*Records supplied*.
┄┄┄┄┄┄

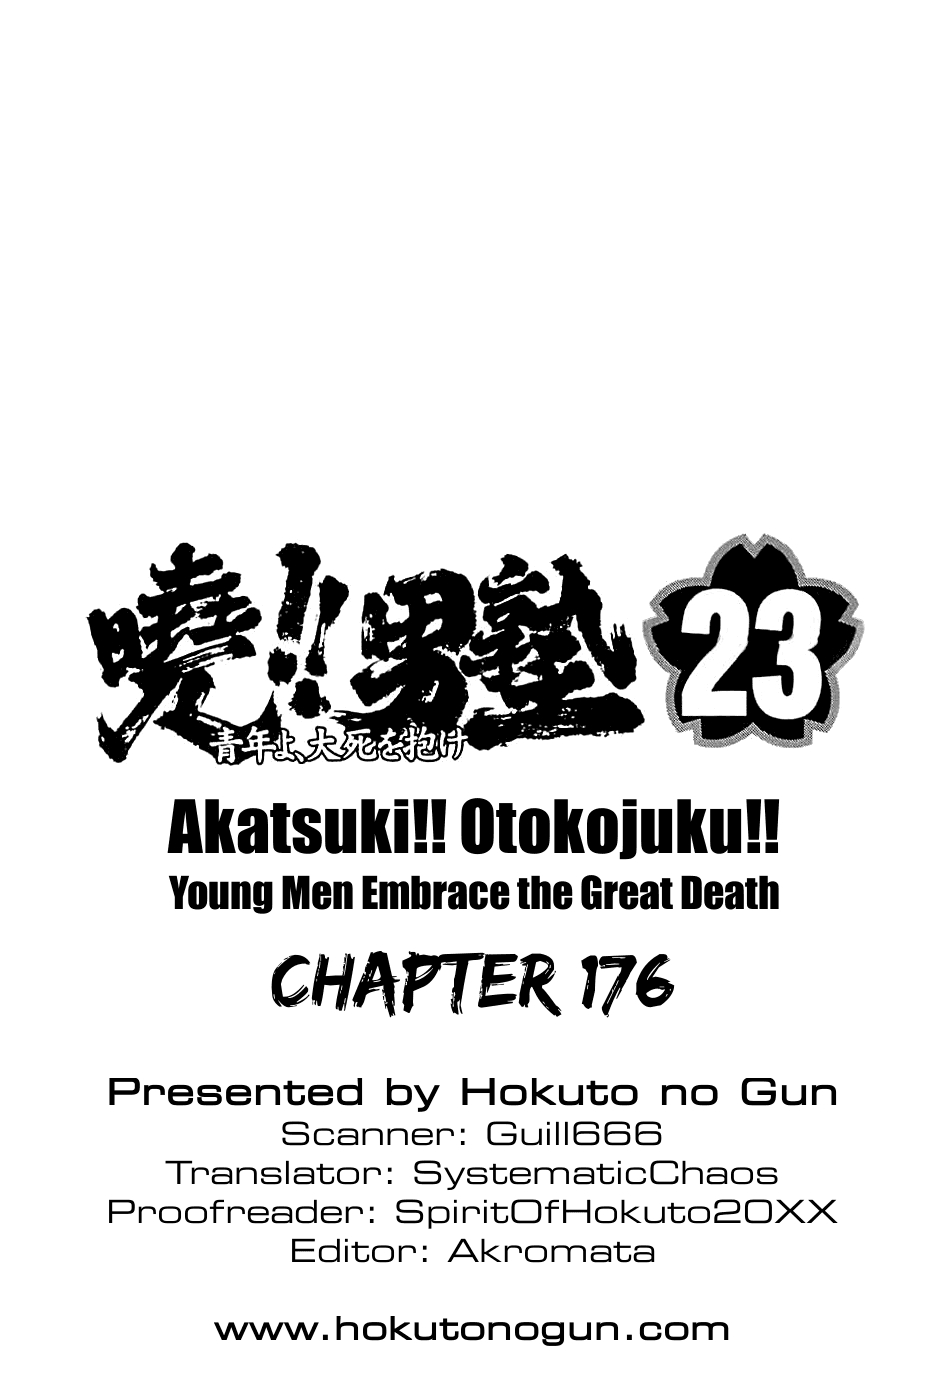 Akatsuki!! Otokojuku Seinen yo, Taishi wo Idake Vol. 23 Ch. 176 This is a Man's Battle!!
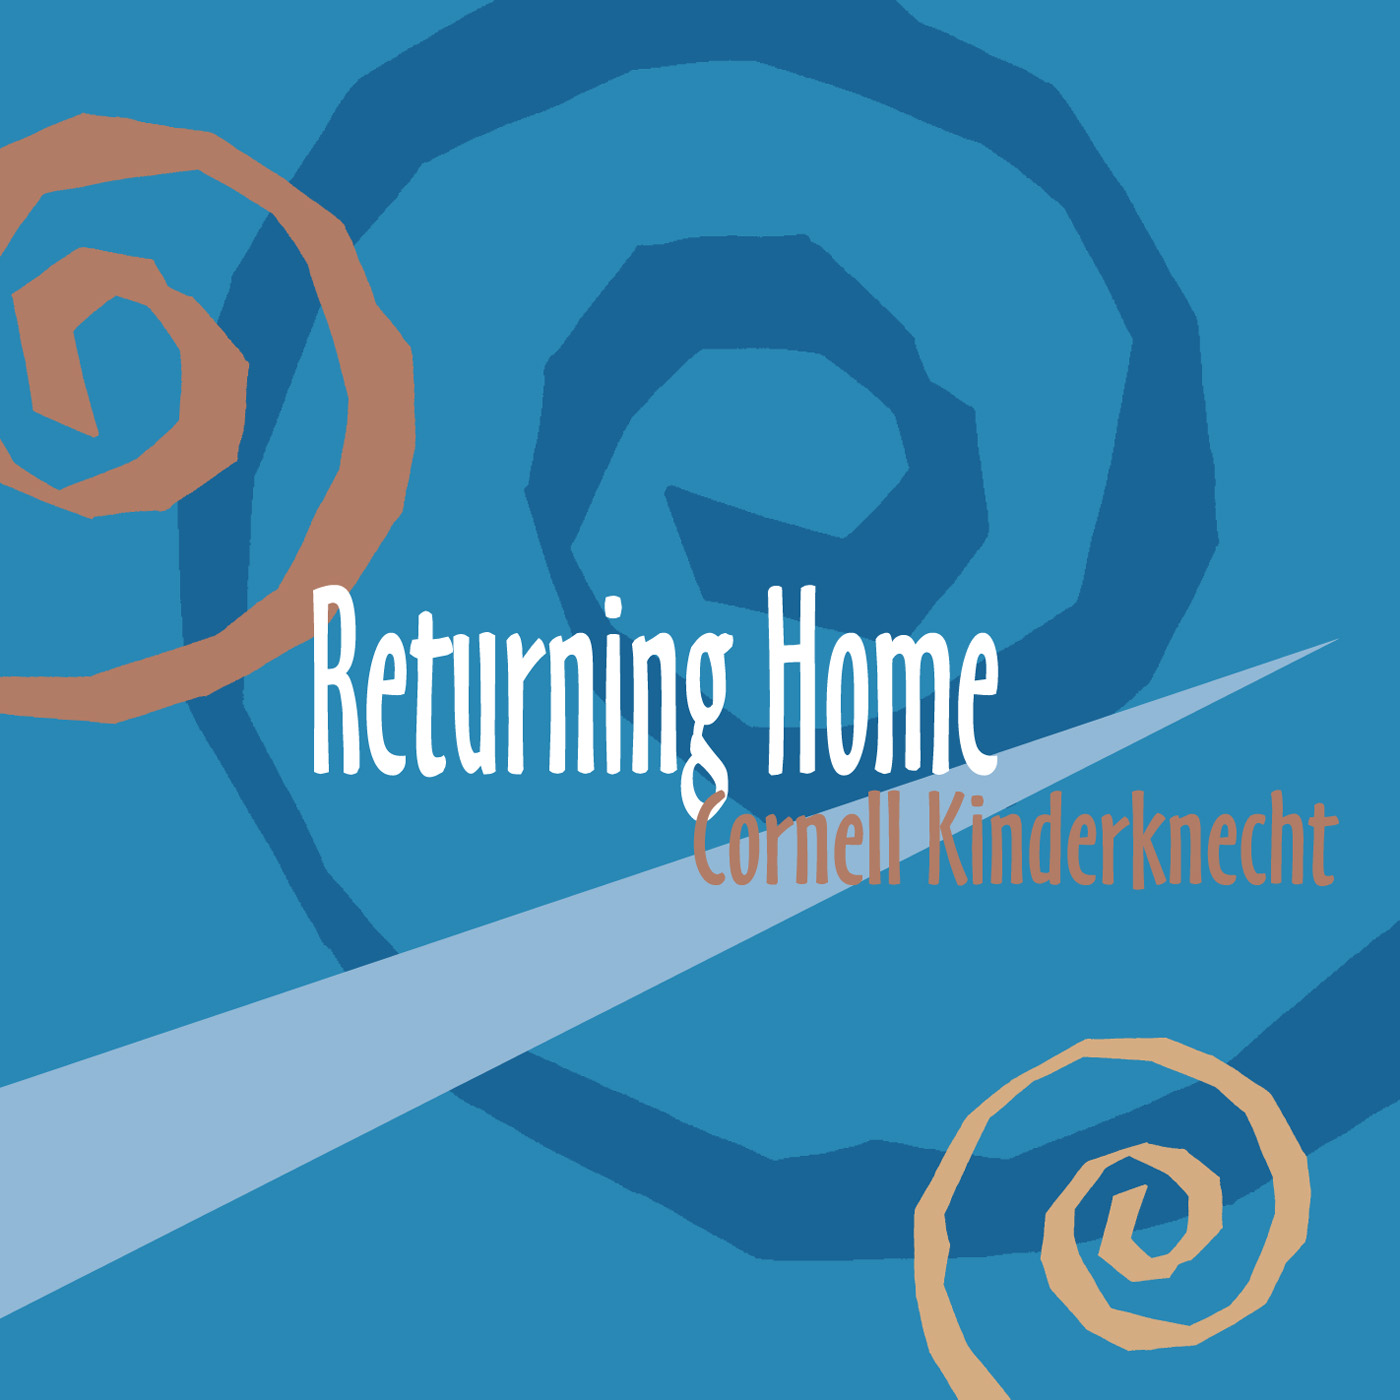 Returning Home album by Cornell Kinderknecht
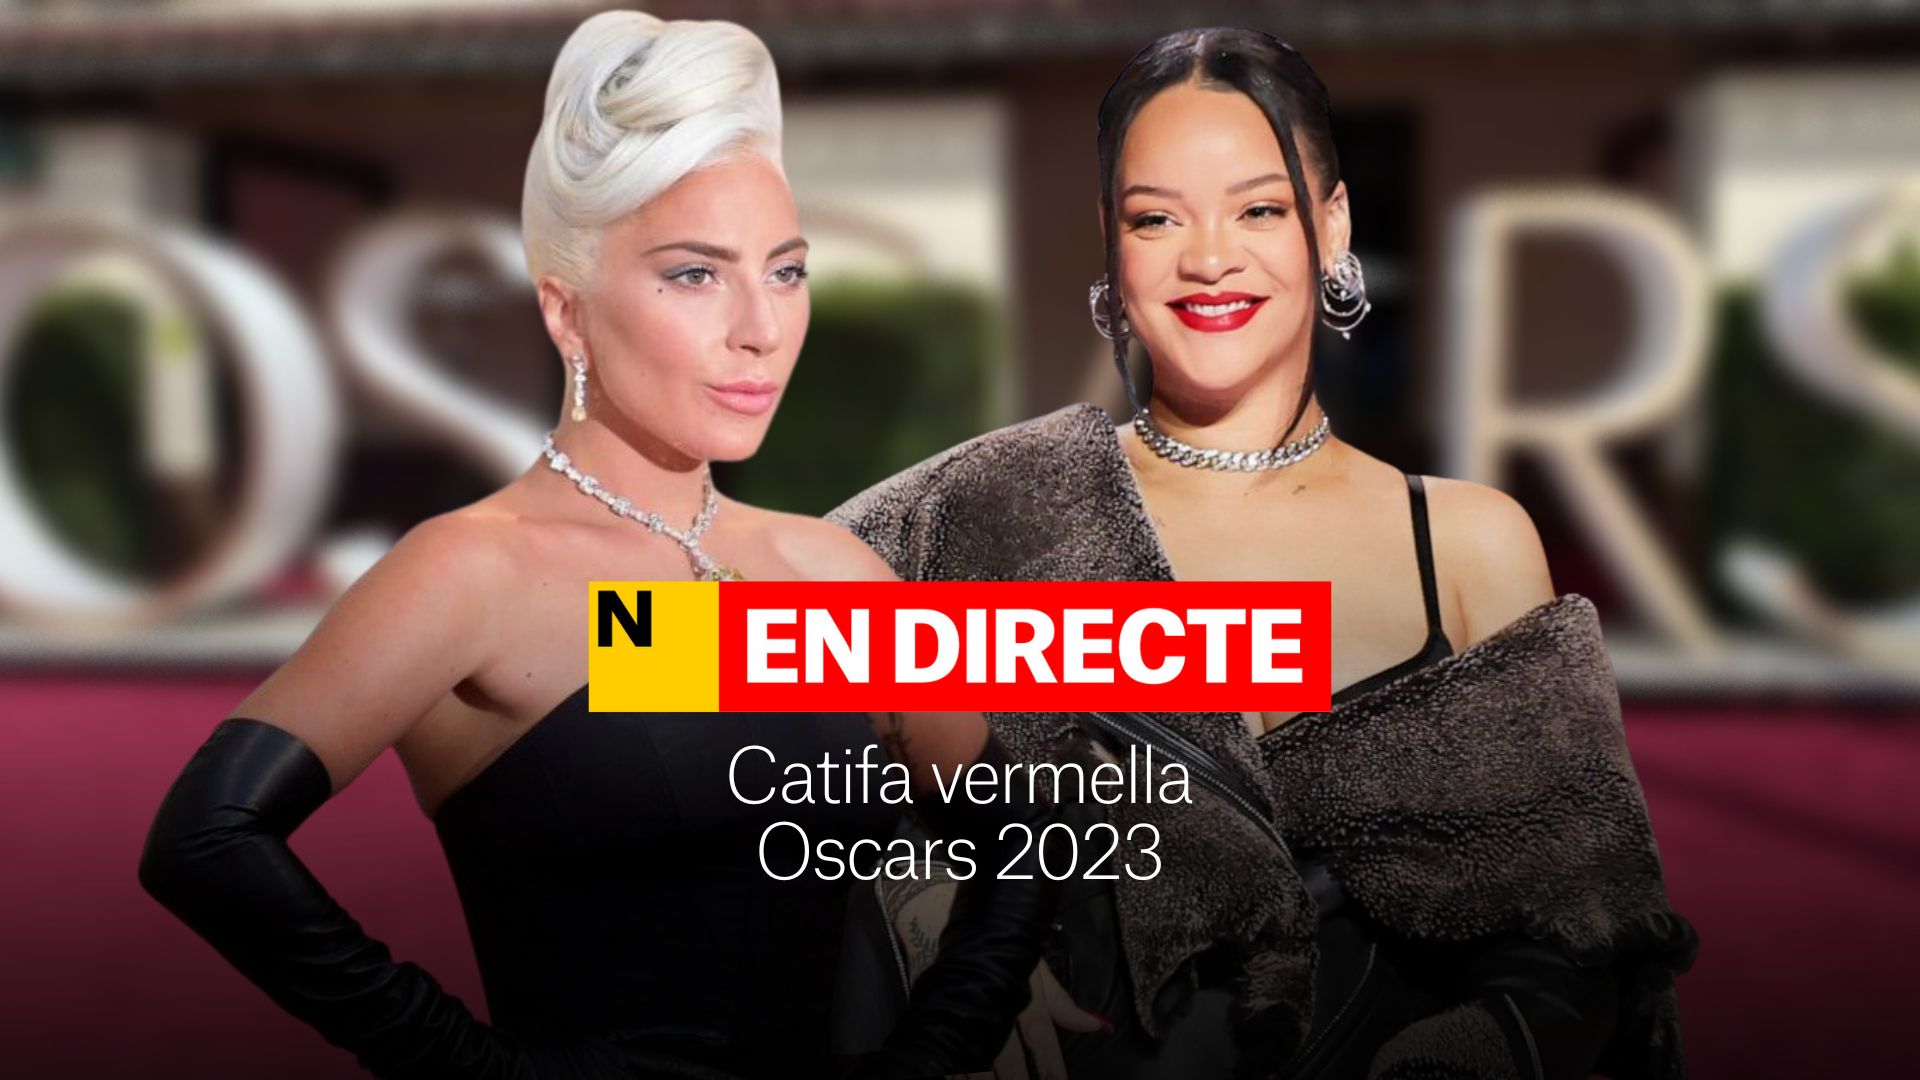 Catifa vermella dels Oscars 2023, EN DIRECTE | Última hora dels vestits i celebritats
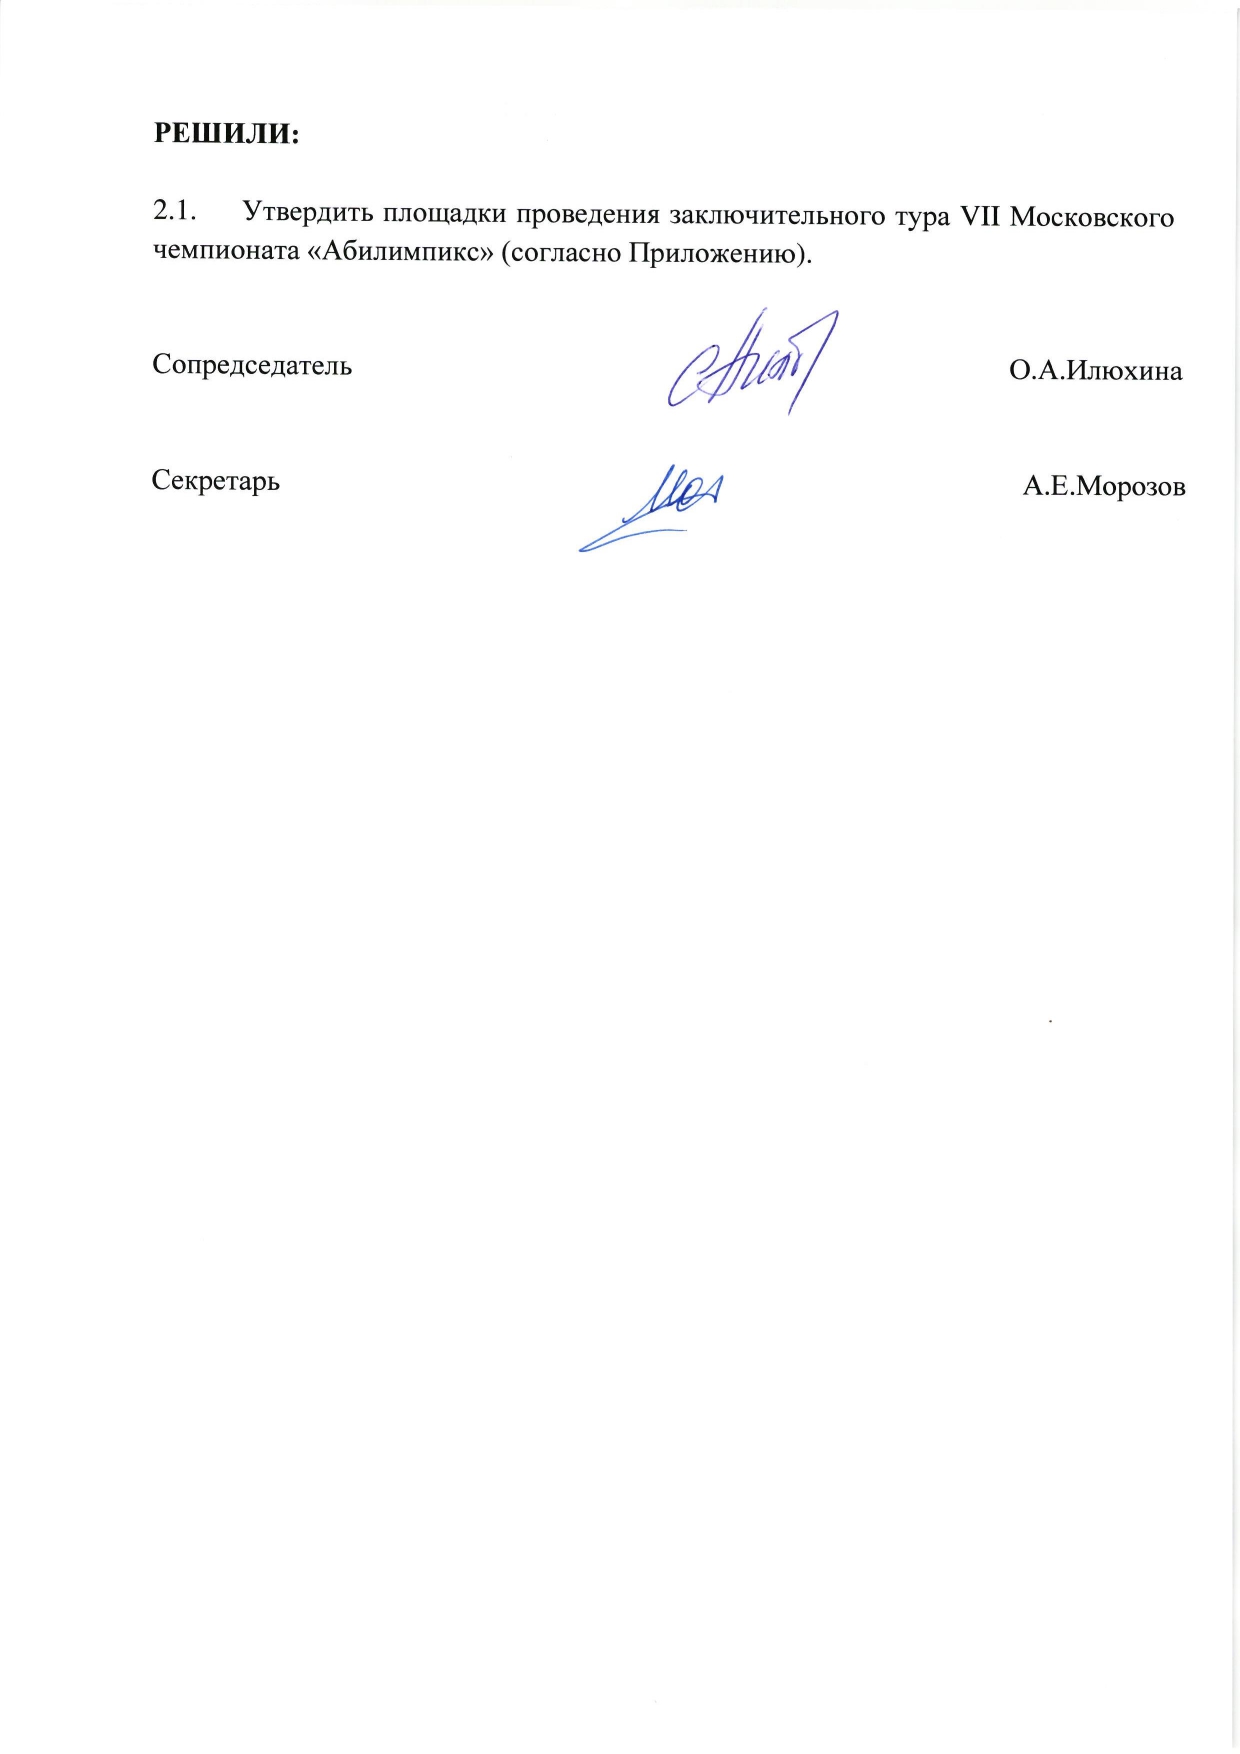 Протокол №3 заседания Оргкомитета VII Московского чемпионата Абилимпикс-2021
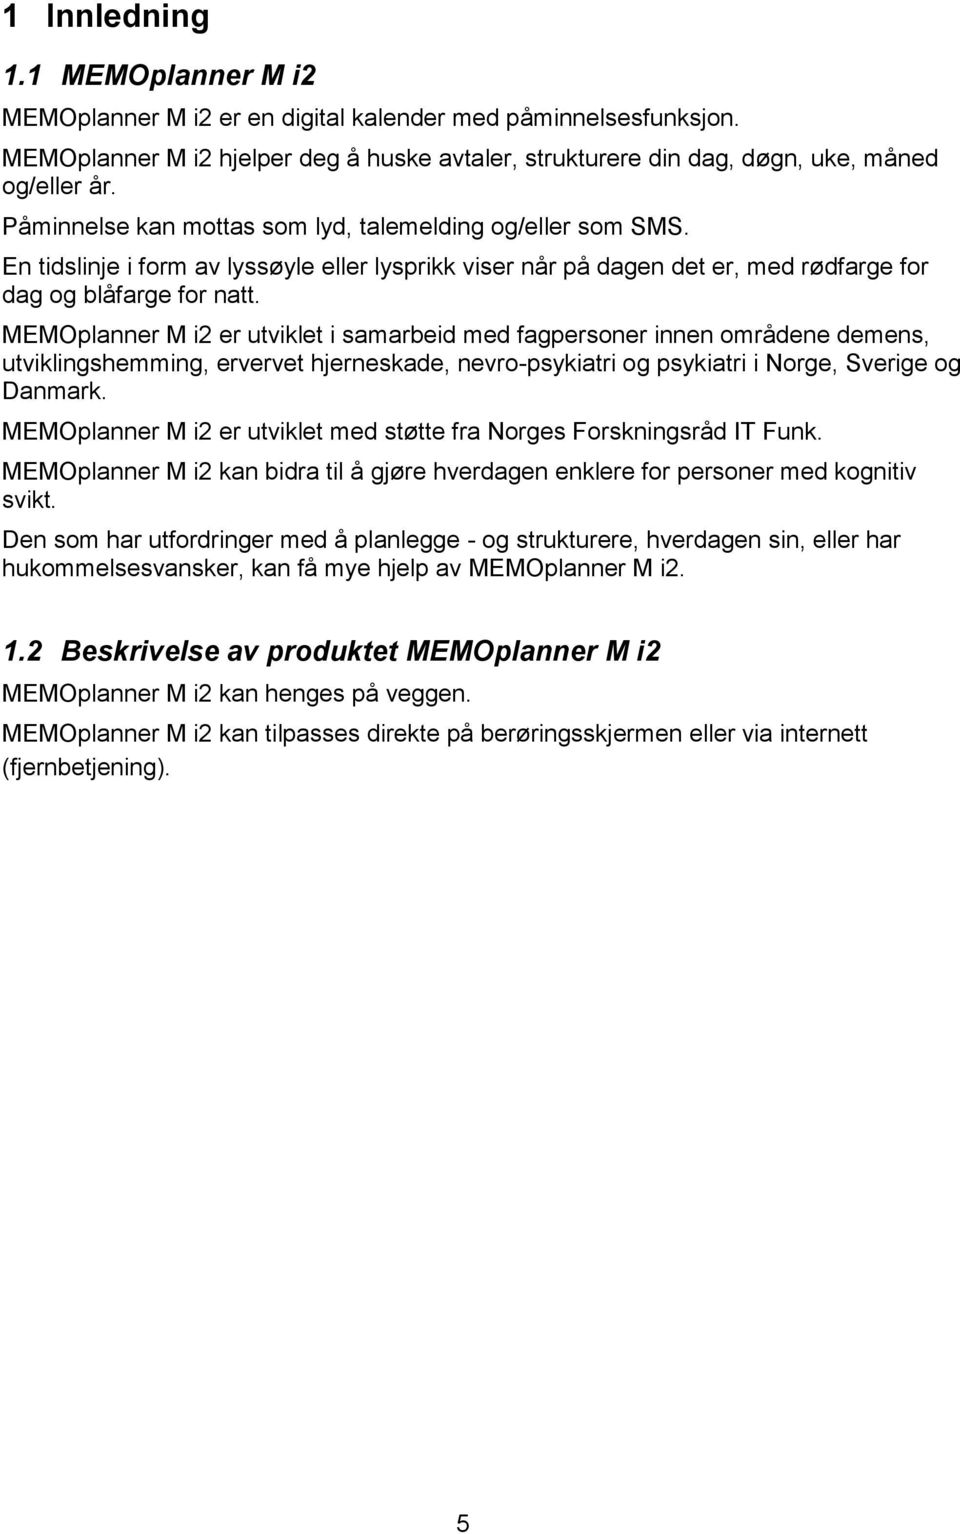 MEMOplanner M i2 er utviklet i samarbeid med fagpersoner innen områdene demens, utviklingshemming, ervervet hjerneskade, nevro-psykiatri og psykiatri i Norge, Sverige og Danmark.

┄┄┄┄┄┄

*Directions*.
The answer must be an exact transcription of the lines from the one containing "Протокол №3 заседания" through the last line of the records above, both included, with no pictures.

*Reply*.
 Протокол №3 заседания Оргкомитета VII Московского чемпионата Абилимпикс-2021
 MEMOplanner M i2 er utviklet i samarbeid med fagpersoner innen områdene demens, utviklingshemming, ervervet hjerneskade, nevro-psykiatri og psykiatri i Norge, Sverige og Danmark.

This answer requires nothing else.